> **Dataset records**:
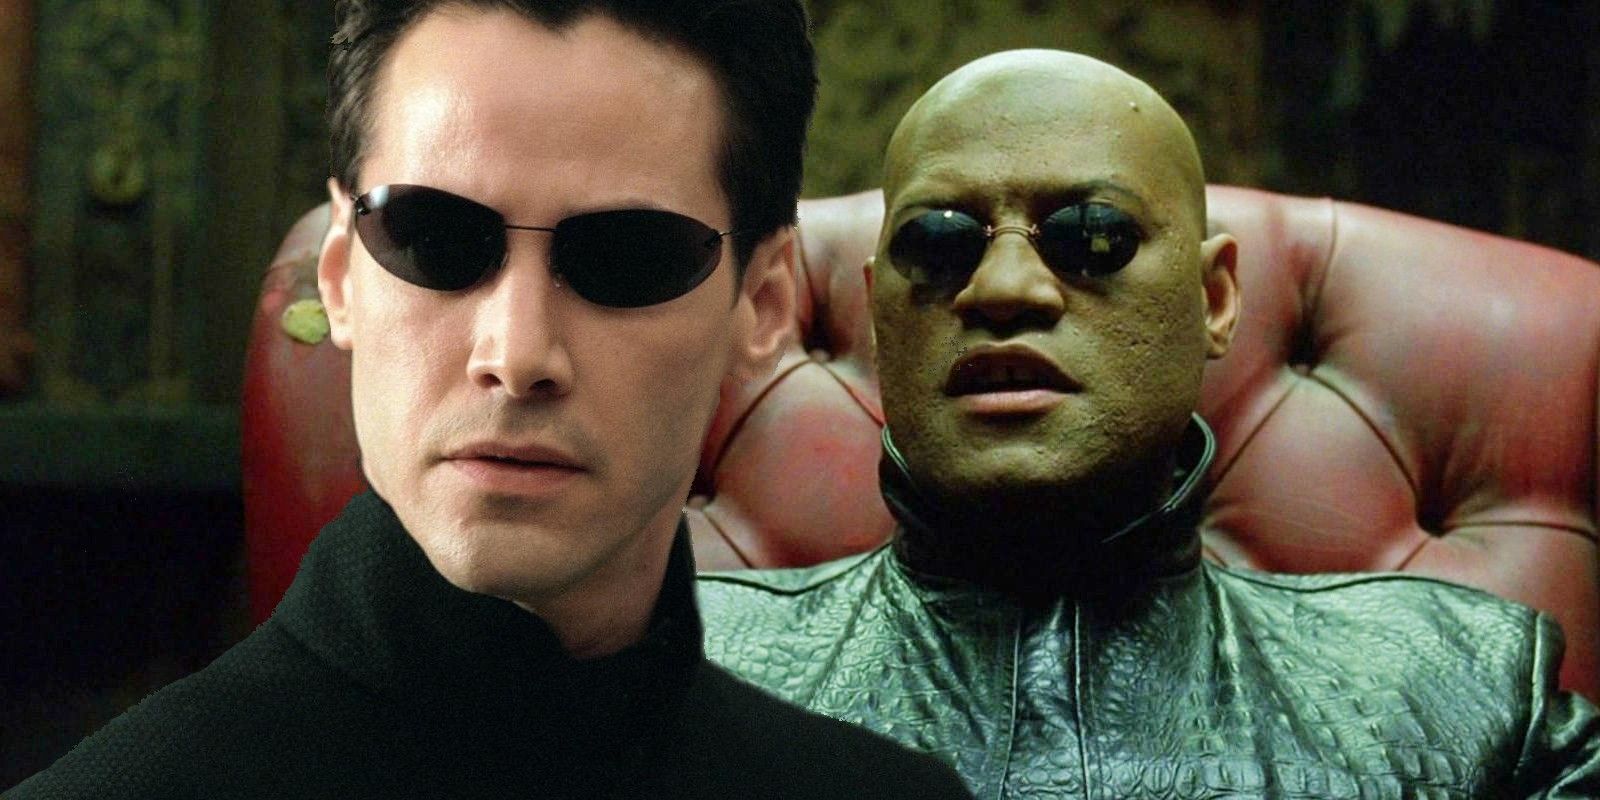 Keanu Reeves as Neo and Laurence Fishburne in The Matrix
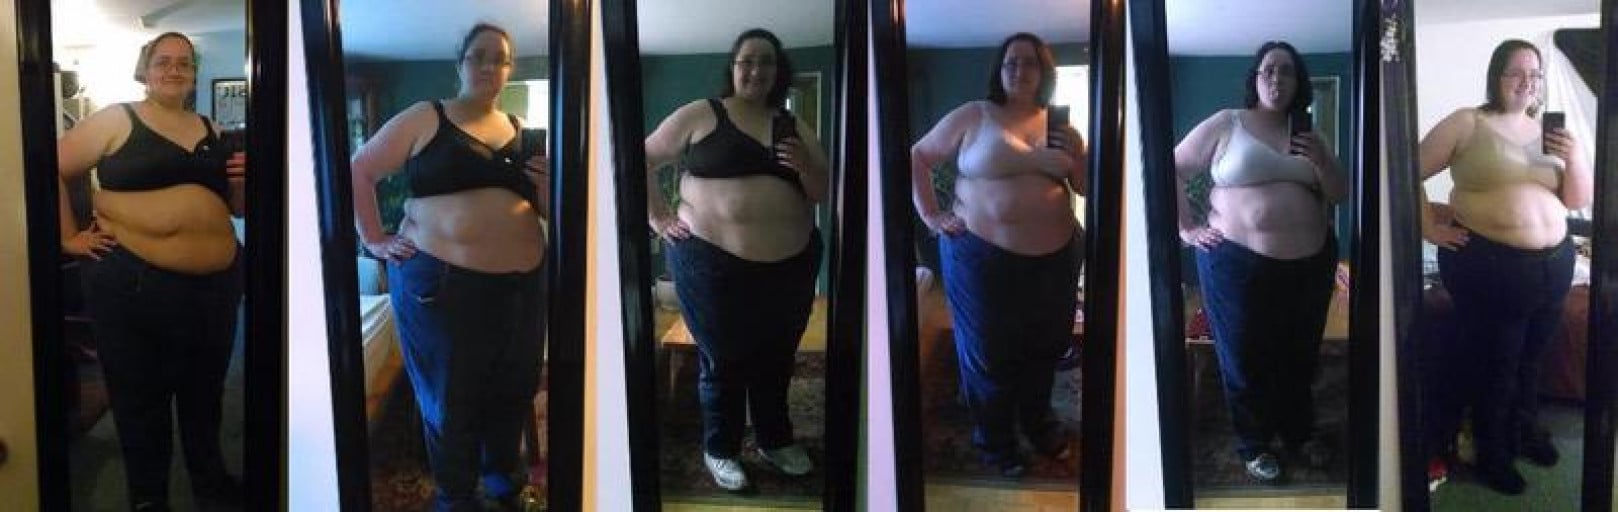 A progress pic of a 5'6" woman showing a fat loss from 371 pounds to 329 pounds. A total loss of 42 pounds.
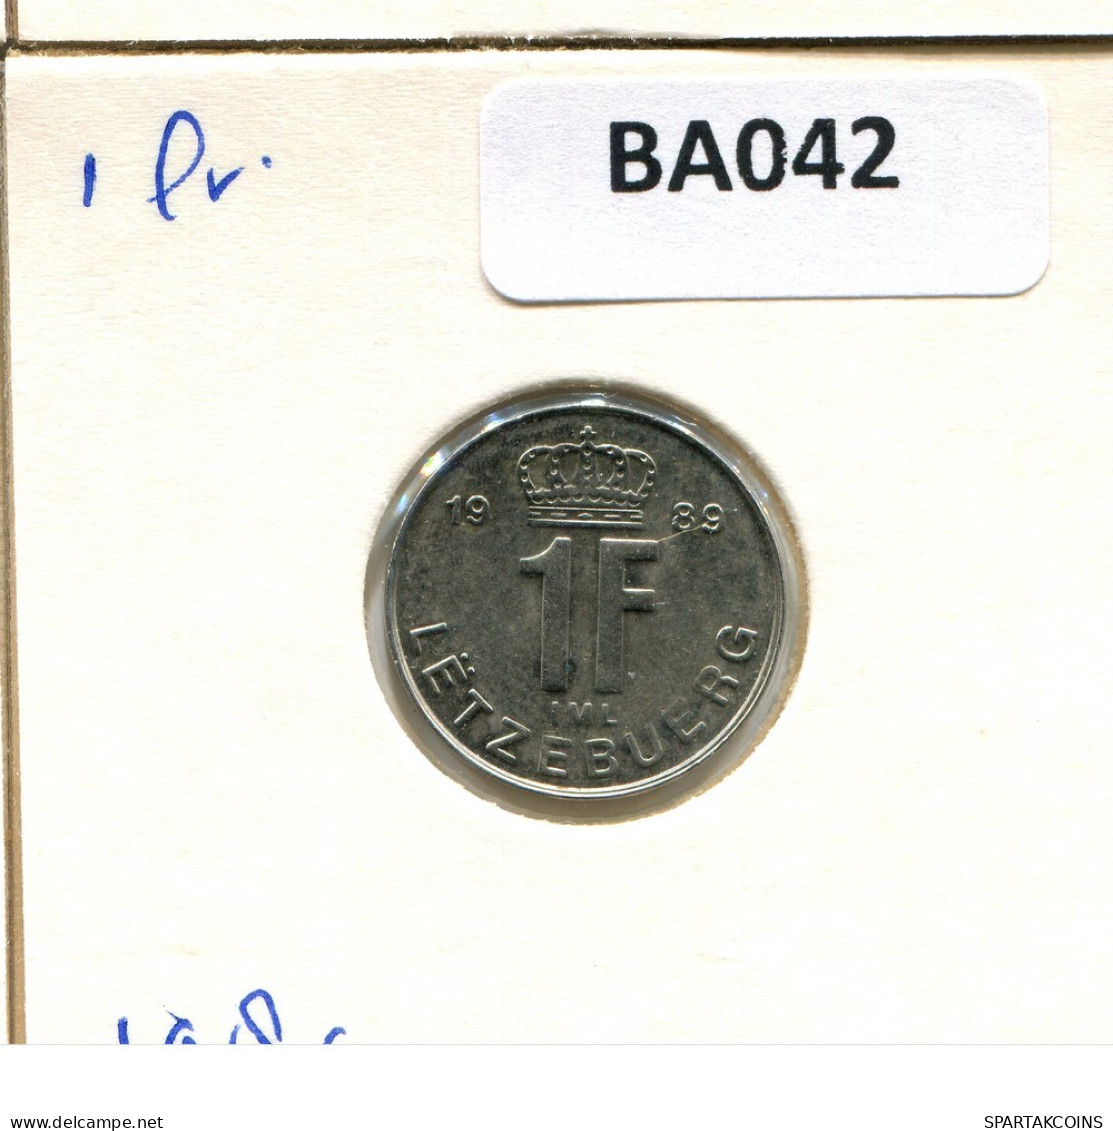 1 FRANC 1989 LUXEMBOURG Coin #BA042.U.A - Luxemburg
* * *
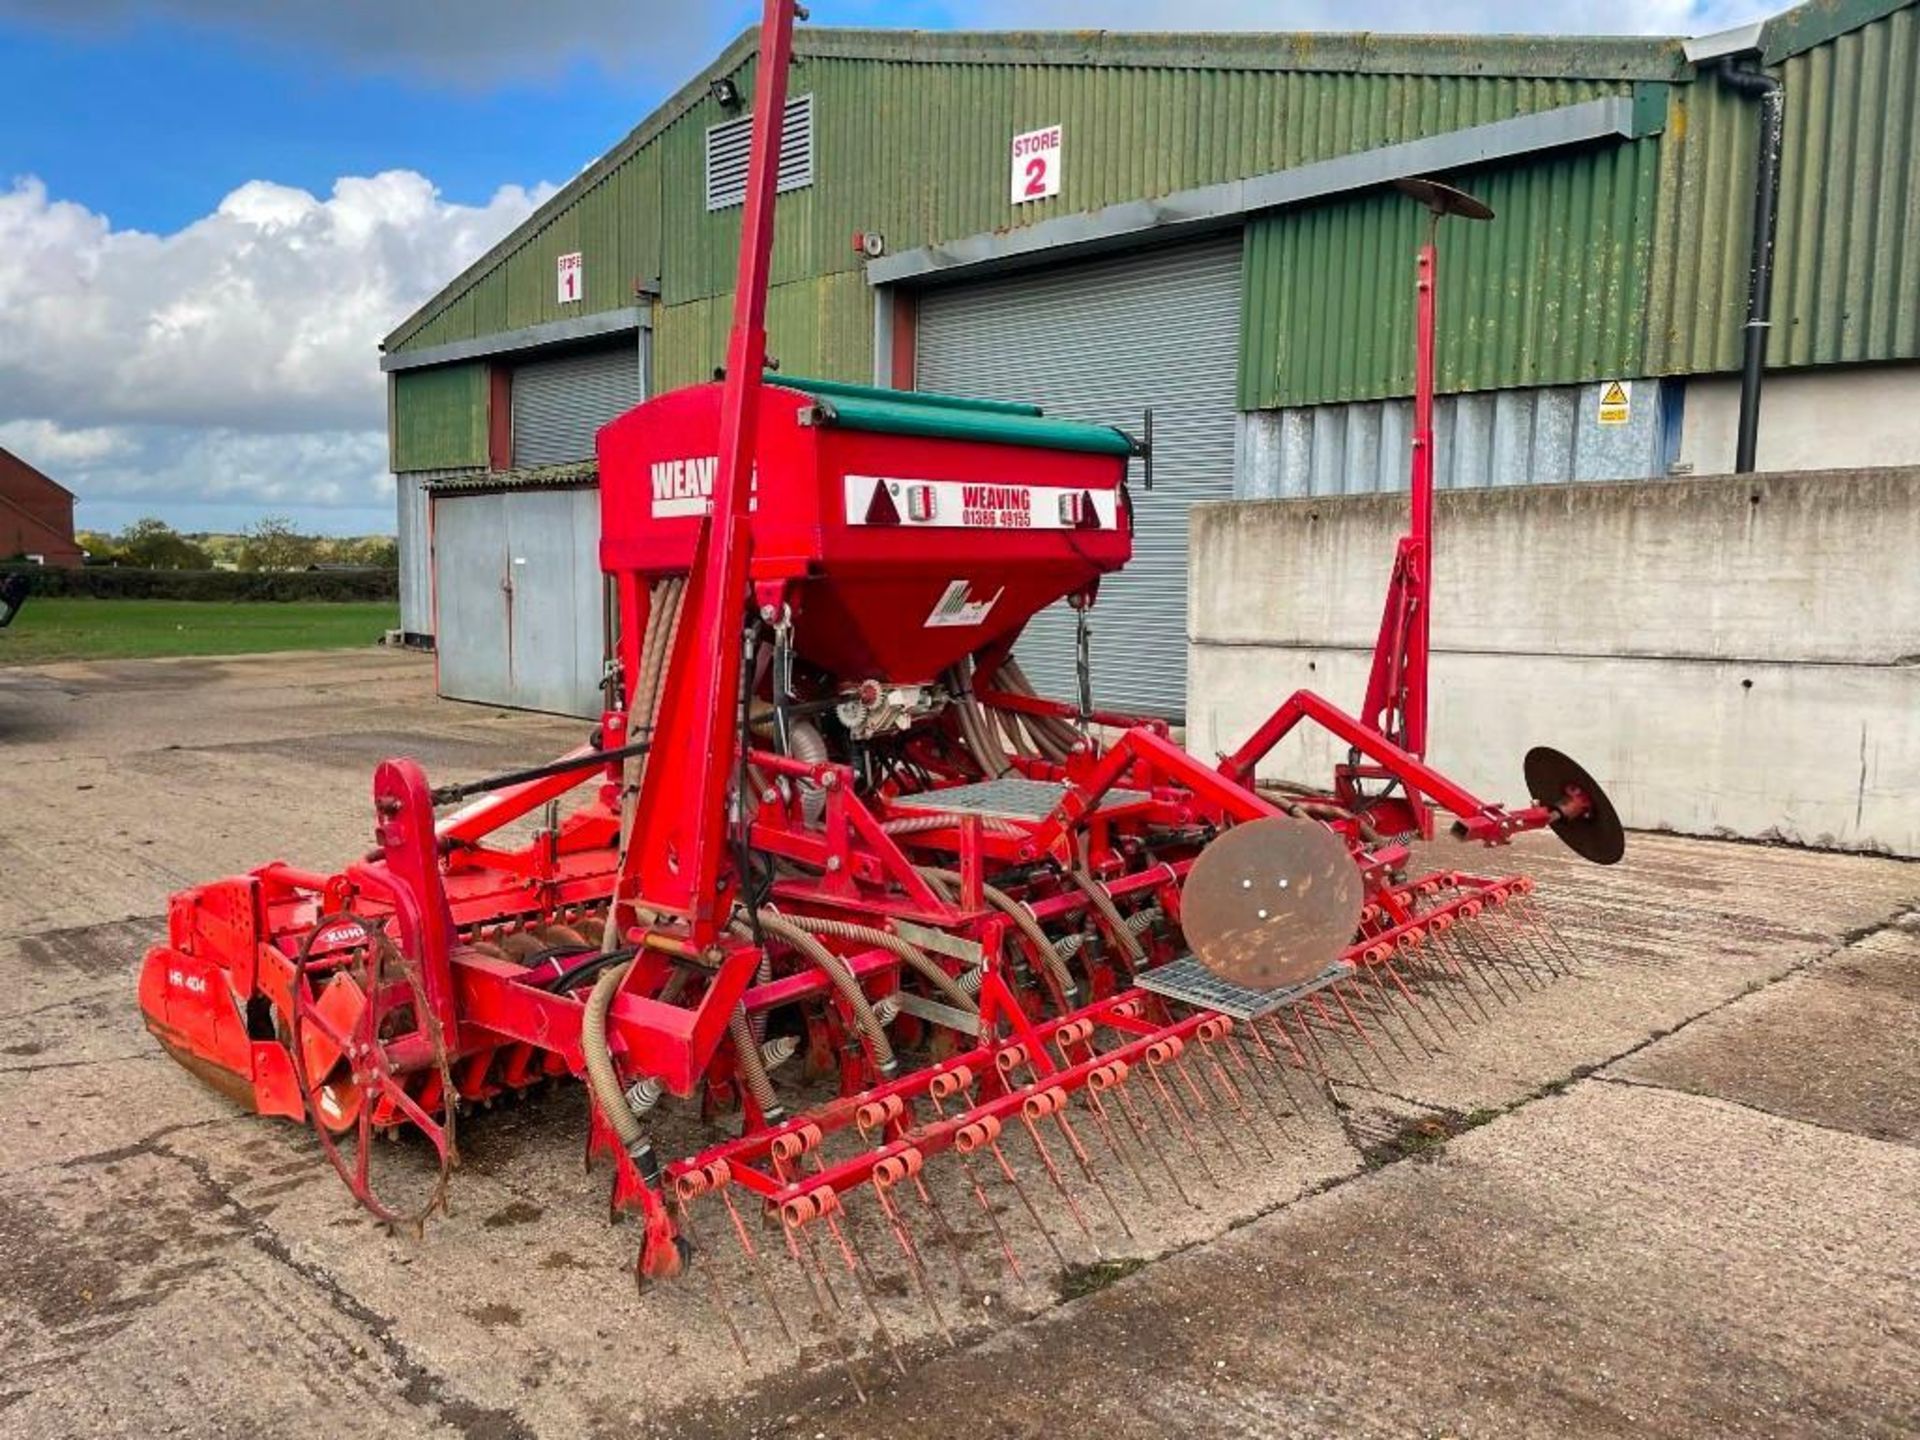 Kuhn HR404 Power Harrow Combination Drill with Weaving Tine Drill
---
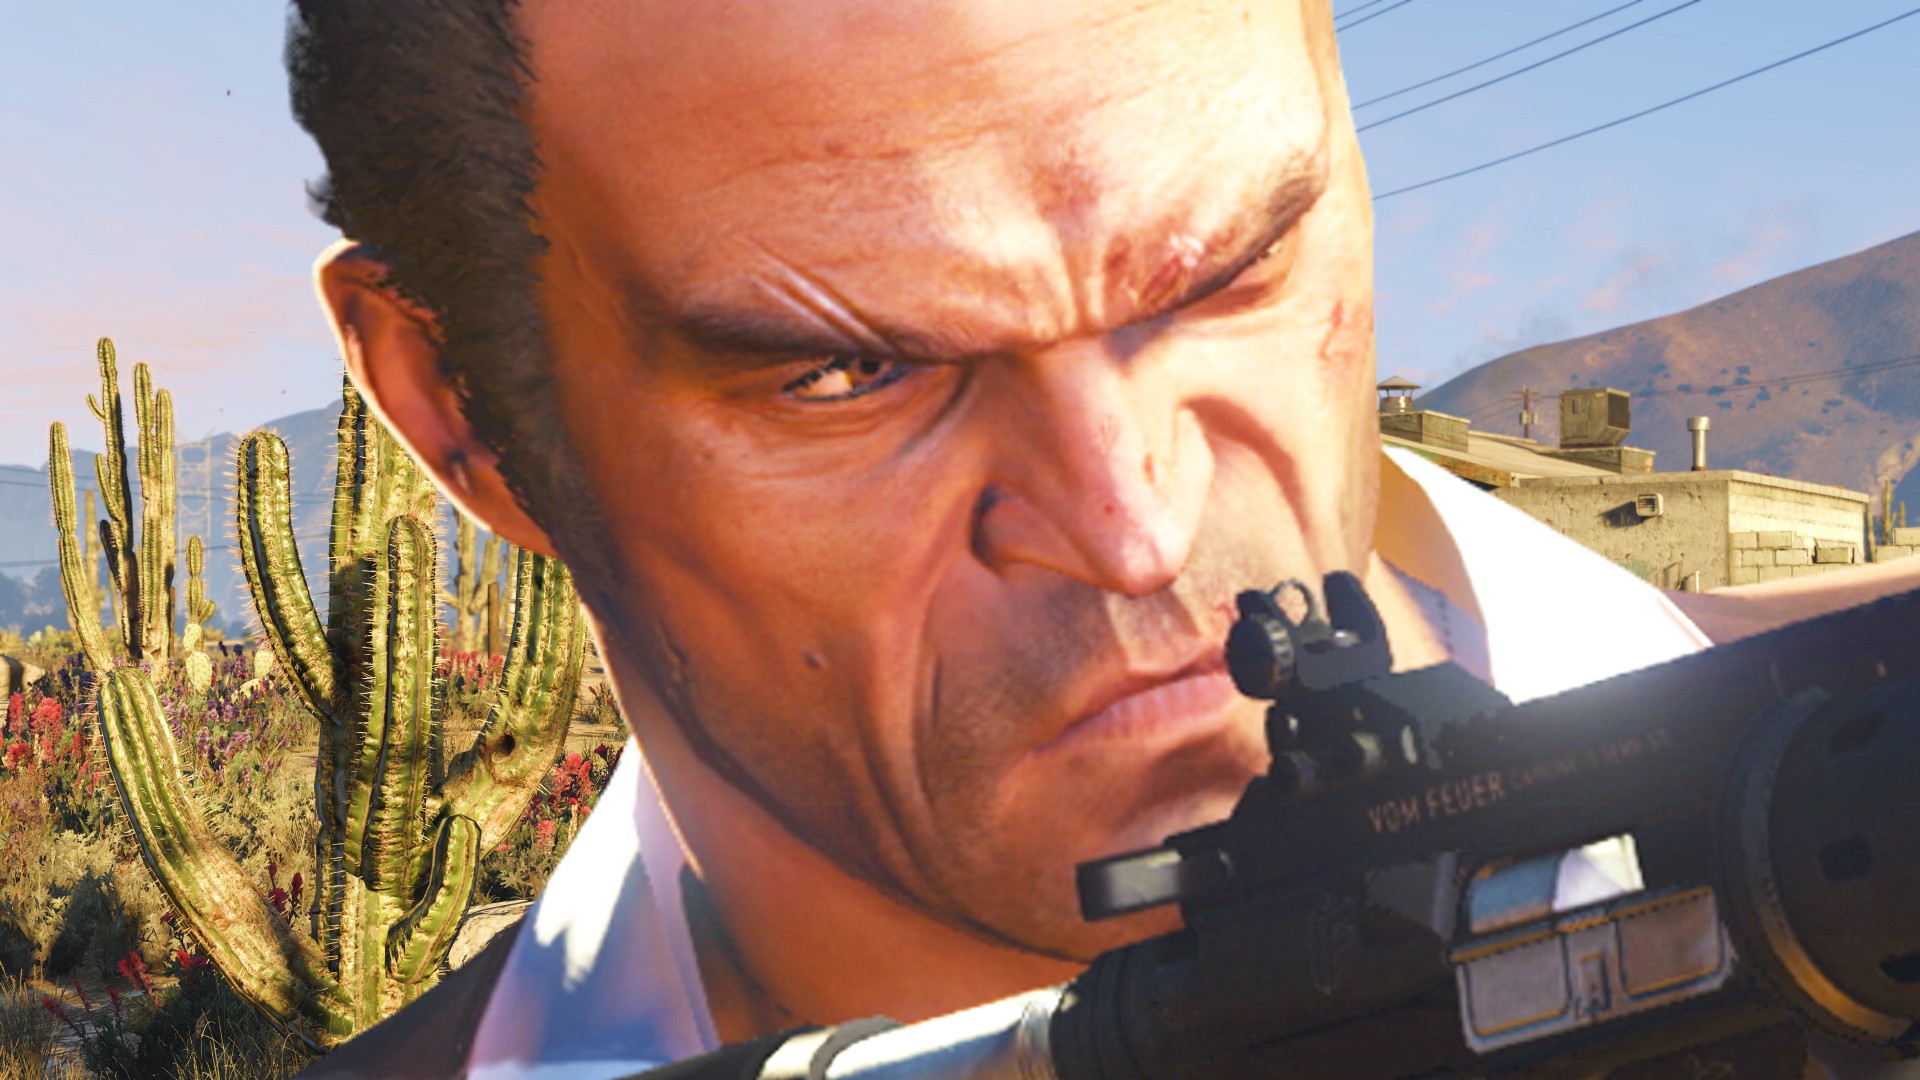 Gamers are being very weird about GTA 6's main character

> **What to work on**: Start with the line above containing "Keanu Reeves as" and end with the line containing "1 FRANC 1989". Set down that stretch exactly, without any pictures.

> **Solution**:
 Keanu Reeves as Neo and Laurence Fishburne in The Matrix
 A progress pic of a 5'6" woman showing a fat loss from 371 pounds to 329 pounds. A total loss of 42 pounds.
 1 FRANC 1989 LUXEMBOURG Coin #BA042.U.A - Luxemburg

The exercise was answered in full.